Scripture gives us no information about the birth of Mary or even the names of her parents.  What little we do know comes to us from the Protevangelium of James, an apocryphal Gospel that dates back to the end of the 2nd century.  Here we read that Mary’s parents were Saint Anne and Saint Joachim, and that the birth of their daughter, Mary, was an answer to the prayers of these elderly parents who had been barren for many years before she was born.  St. Joachim belonged to the royal family of David and St. Anne belonged to the priestly tribe of Aaron; in this way, Jesus would be born of both a royal and a priestly family.3

Pope John Paul II writes, “The Mother of Christ … is given as mother to every single individual and all mankind.”4 We therefore celebrate Mary’s birthday as that of our own Mother, a Mother conceived without sin in order to bear Christ into the world, a Mother who continues to intercede for us in heaven today.

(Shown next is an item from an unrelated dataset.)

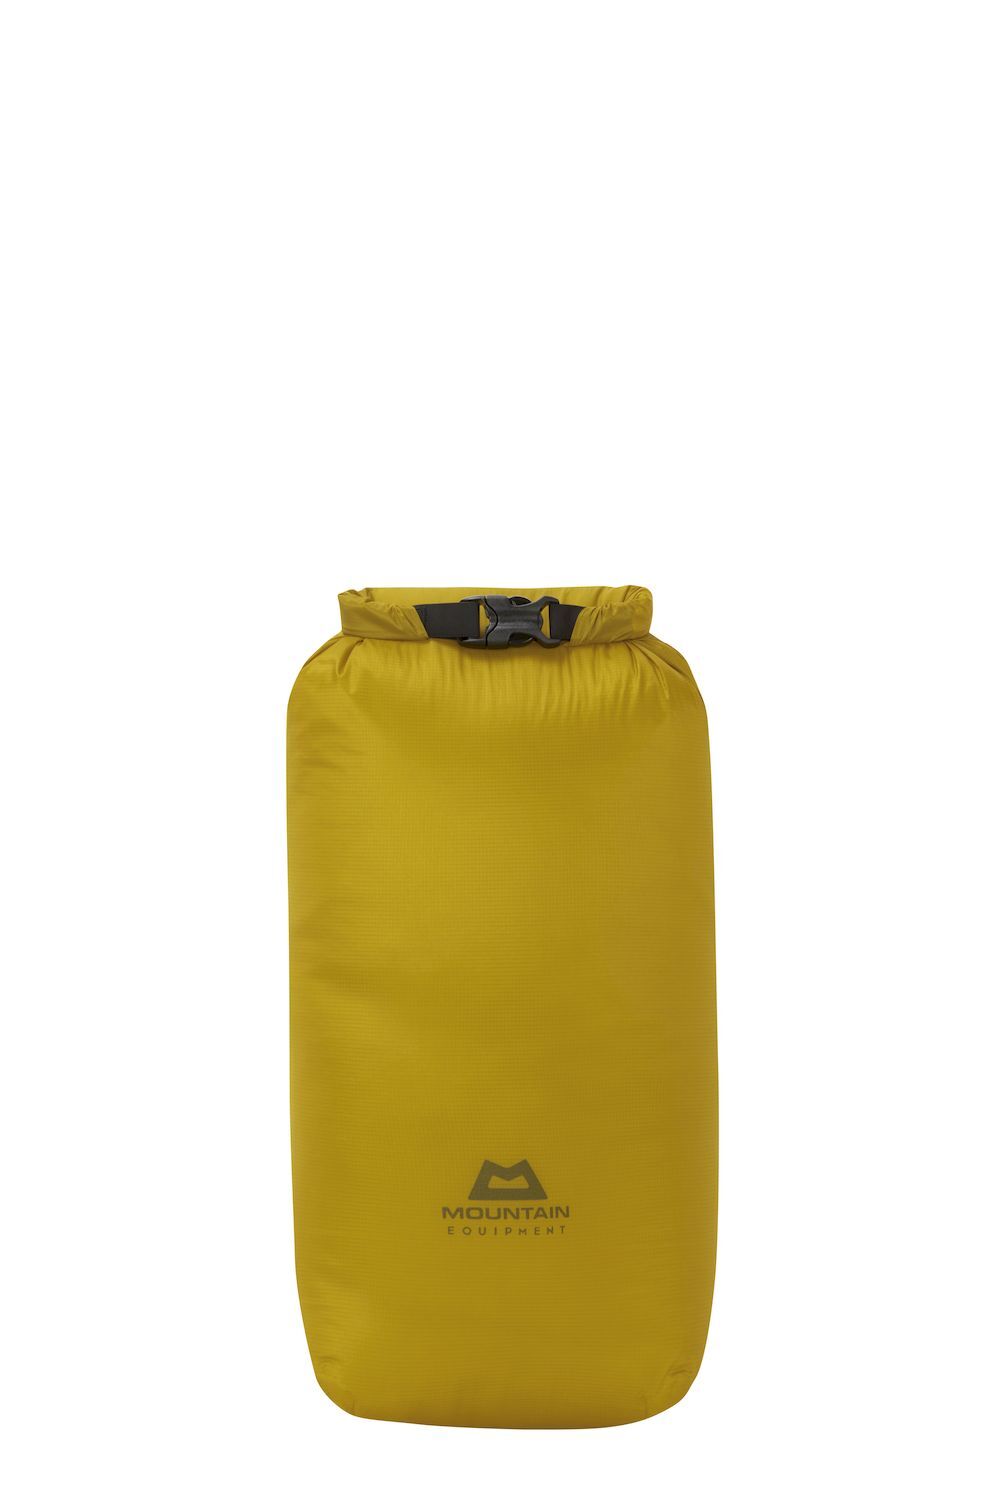 Mountain Equipment Lightweight Drybag 20L - Waterdichte tas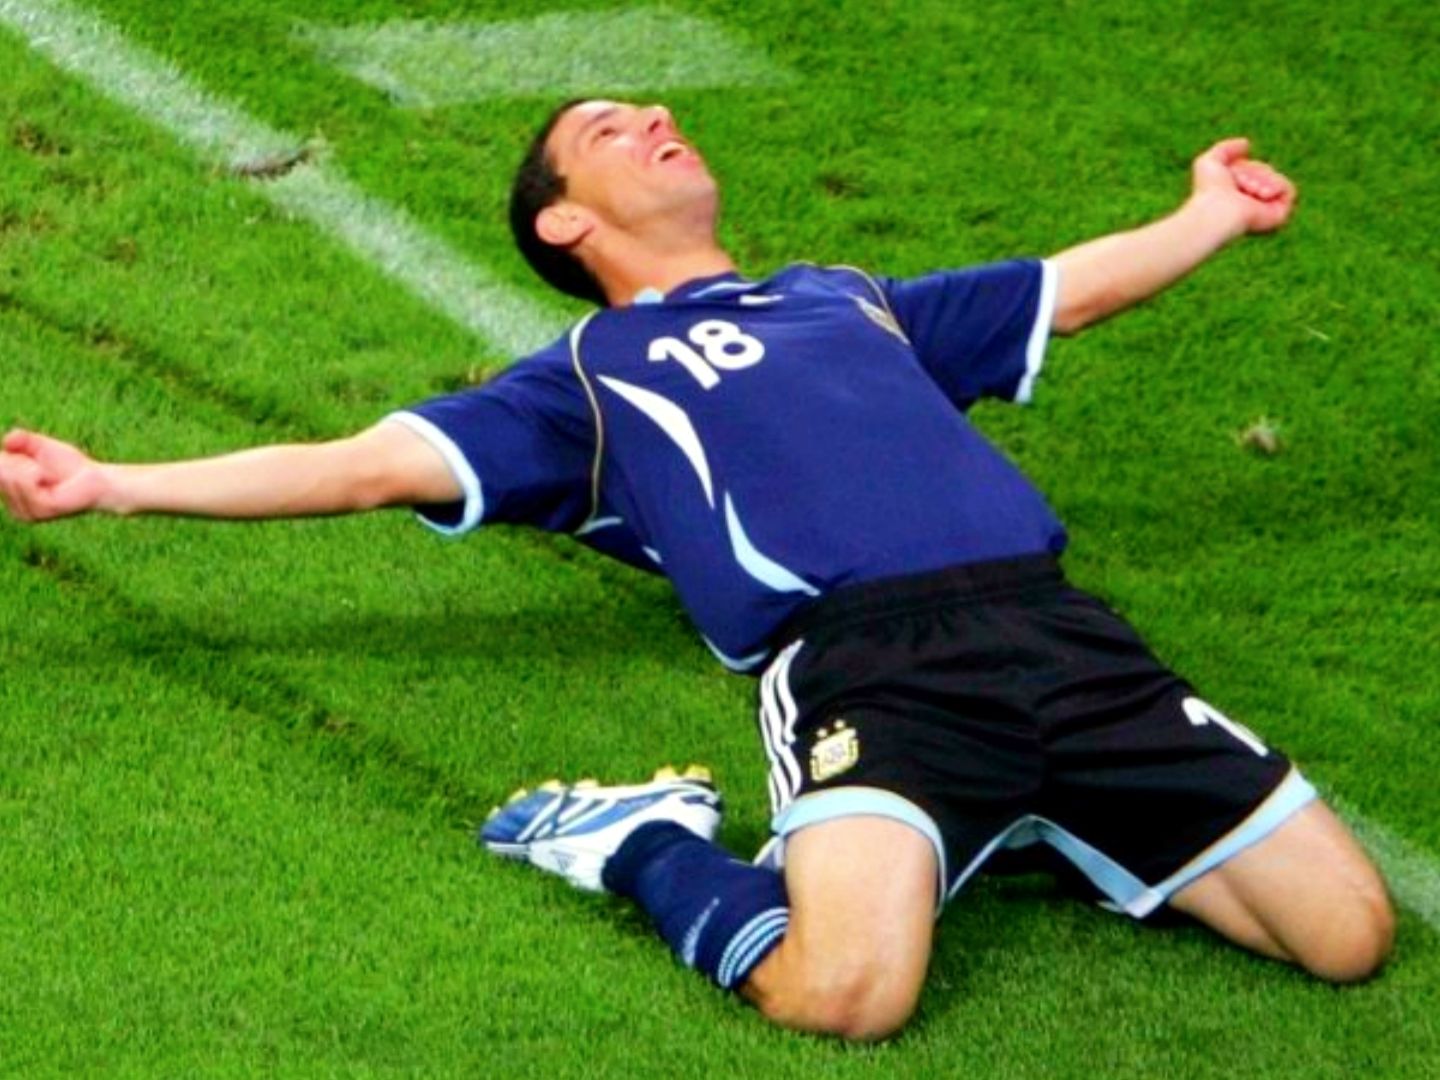 足球比赛中进球,球员使用滑跪动作庆祝,膝盖不会感到疼吗?

Collect (from the Roman Missal):

Impart to your servants, we pray, O Lord, 
the gift of heavenly grace, 
that the feast of the Nativity of the Blessed Virgin 
may bring deeper peace 
to those for whom the birth of her Son 
was the dawning of salvation. 
Through our Lord Jesus Christ, your Son, 
who lives and reigns with you in the unity of the Holy Spirit, 
one God, for ever and ever. +Amen.

–  Sharon van der Sloot

1 A. Valentini, “Birth of Mary,” EWTN; quoted from Dictionary of Mary (NY: Catholic Book Publishing Co., 1985); accessed September 4, 2012; available from http://www.ewtn.com/library/MARY/MARYBRTH.HTM; Internet.  Emphasis added.

2Cf. Ibid.

3 Catholic Encyclopedia: “The Birth of Mary”; cf. Aug., Consens. Evang., l. II, c. 2; accessed September 4, 2012; available from http://www.newadvent.org/cathen/15464b.htm; Internet.

4Pope John Paul II, Redemptoris Mater (Mother of the Redeemer), 1987.